The Innate Immune Response in Ischemic Acute Kidney Injury

Hye Ryoun Jang et al. Clin Immunol.

Abstract

Kidney ischemia reperfusion injury is a major cause of morbidity in both allograft and native kidneys. Ischemia reperfusion-induced acute kidney injury is characterized by early, alloantigen-independent inflammation. Major components of the innate immune system are activated and participate in the pathogenesis of acute kidney injury, plus prime the allograft kidney for rejection. Soluble members of innate immunity implicated in acute kidney injury include the complement system, cytokines, and chemokines. Toll-like receptors (TLRs) are also important contributors. Effector cells that participate in acute kidney injury include the classic innate immune cells, neutrophils and macrophages.

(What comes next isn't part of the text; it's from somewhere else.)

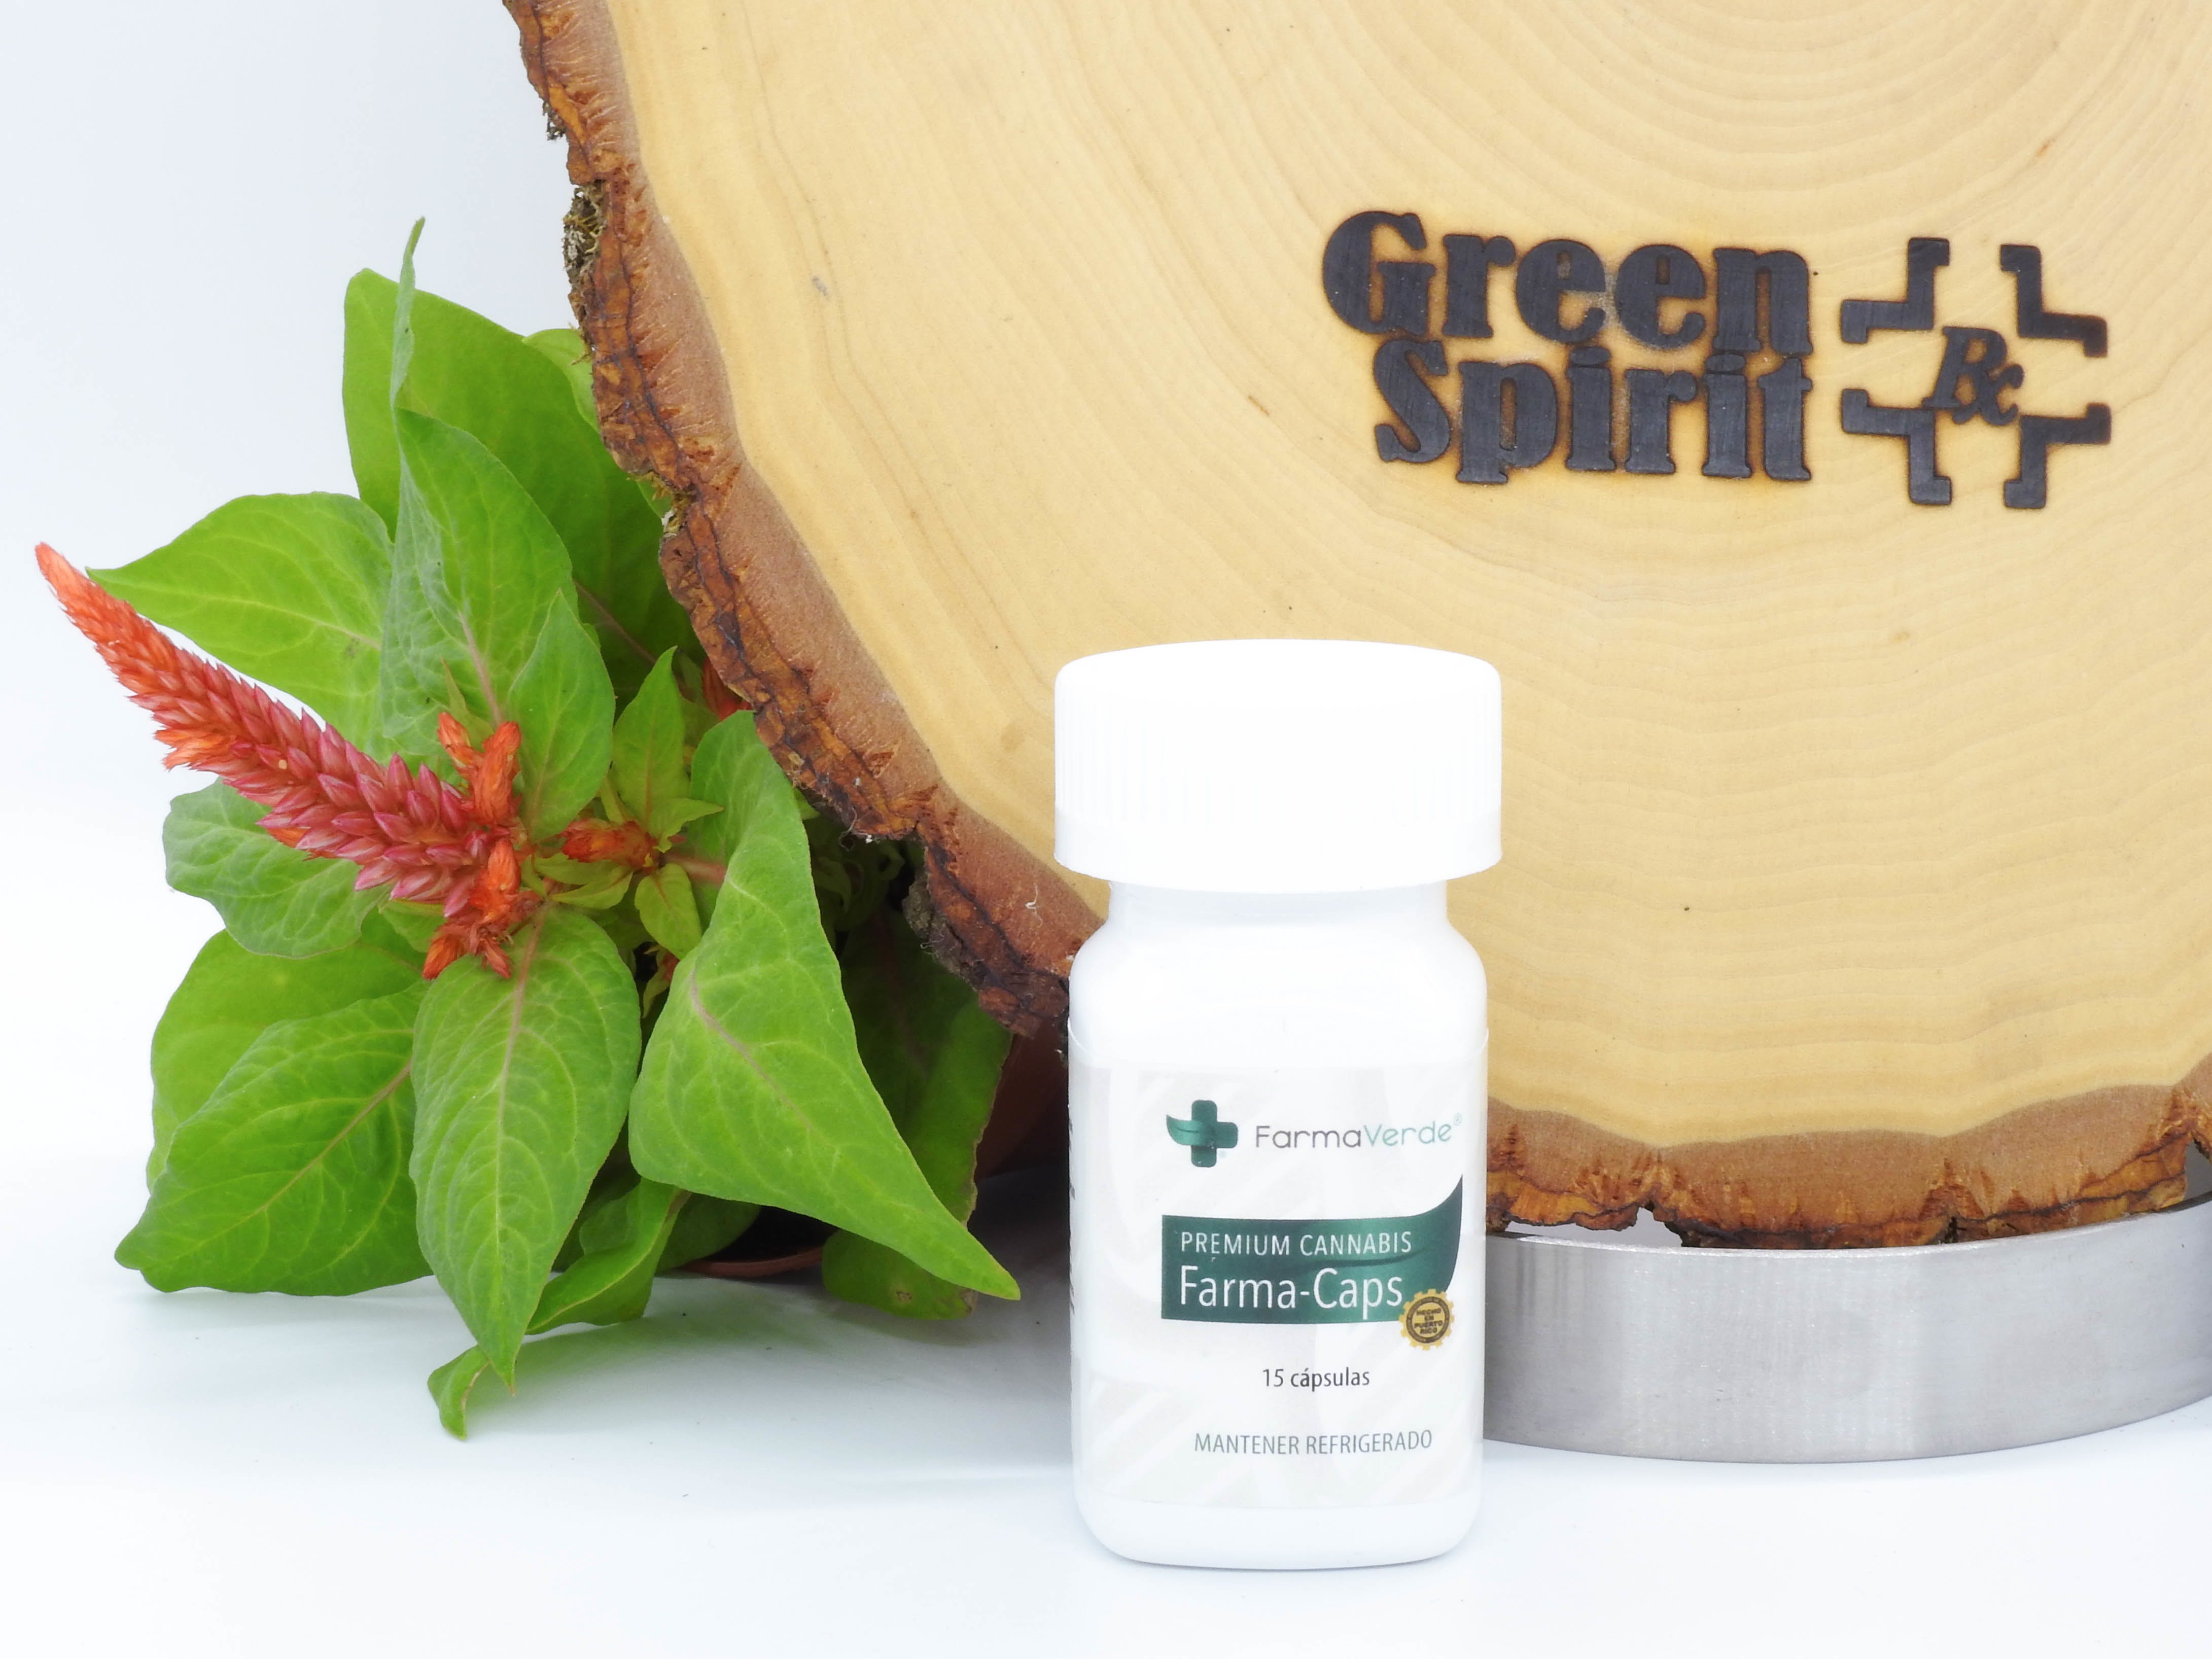 marijuana-dispensaries-green-spirit-rx-in-san-juan-canna-capsules-farma-verde
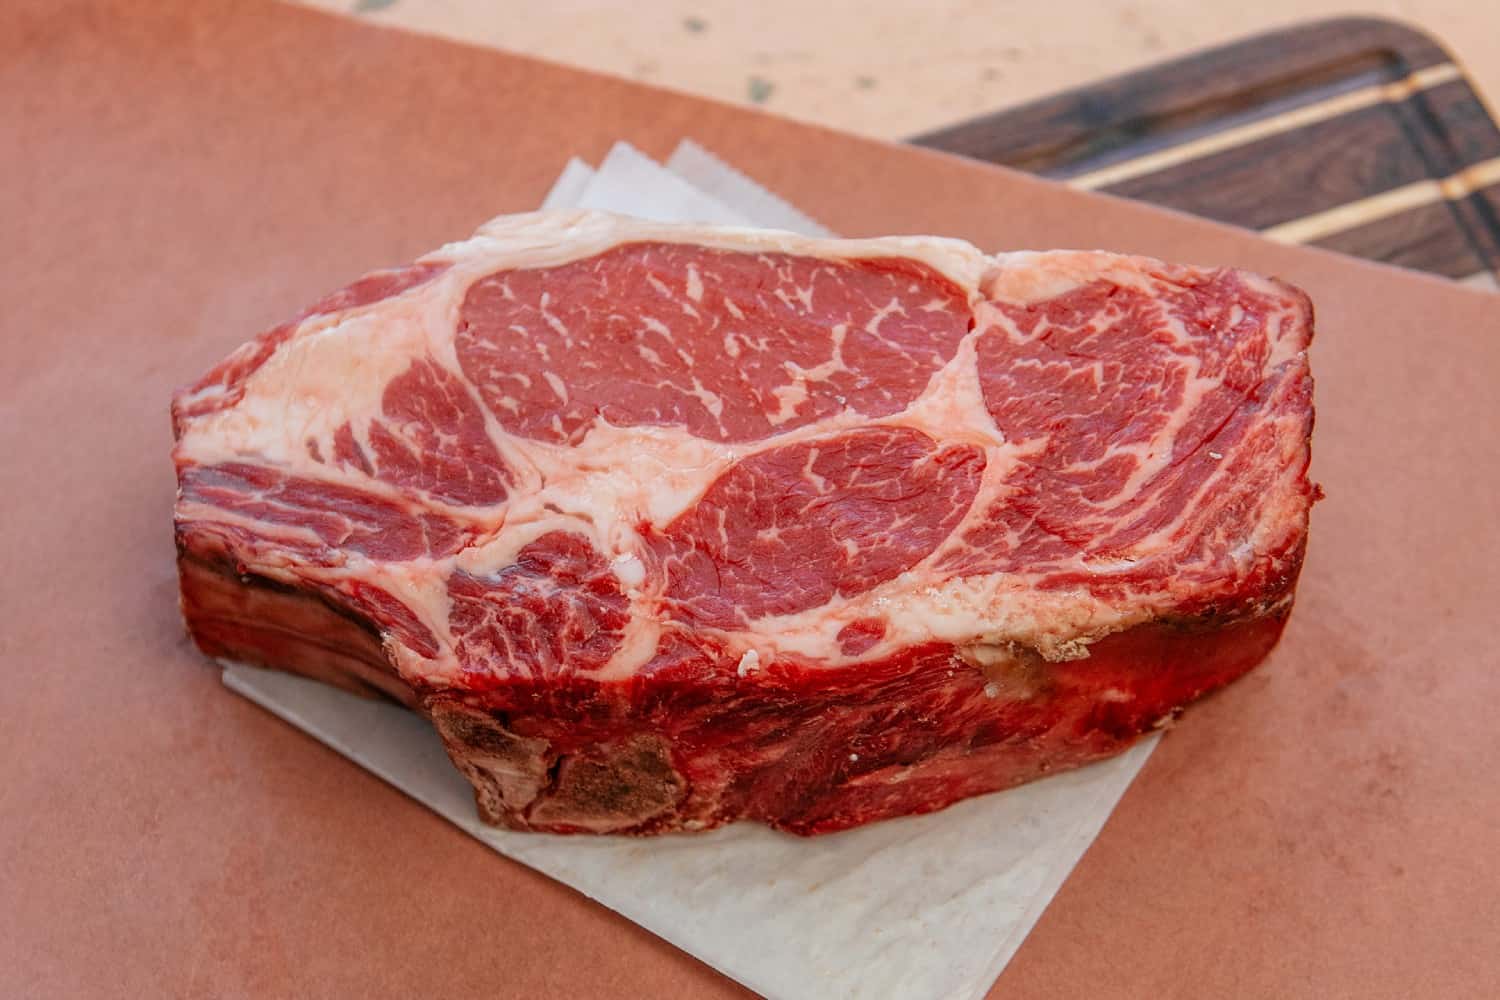 Cut steak - ready to cook

Recent data has unexpectedly identified lymphocytes as participants of early acute kidney injury responses. In this review, we will focus on immune mediators that participate in the pathogenesis of ischemic acute kidney injury.

Figures

Figure 1
Figure 1. Overview of early immune response occurring in post-ischemic kidneys
In experimental ischemia reperfusion-induced acute kidney injury models, ischemic insult occurs first and then reperfusion initiates inflammation in post-ischemic kidneys with entry of blood containing major cellular components of innate immunity, plus lymphocytes. Leukocytes including neutrophils, macrophages and lymphocytes traffic into post-ischemic kidneys. Cytokines and complement system also contribute to renal injury. Early injury events take place both at the level of the microvasculature, and then in the tubular interstitial space. Renal microcirculation is interfered by plugging with leukocytes and platelets and each immune component act in concert causing robust inflammatory responses in the tubular interstitial space.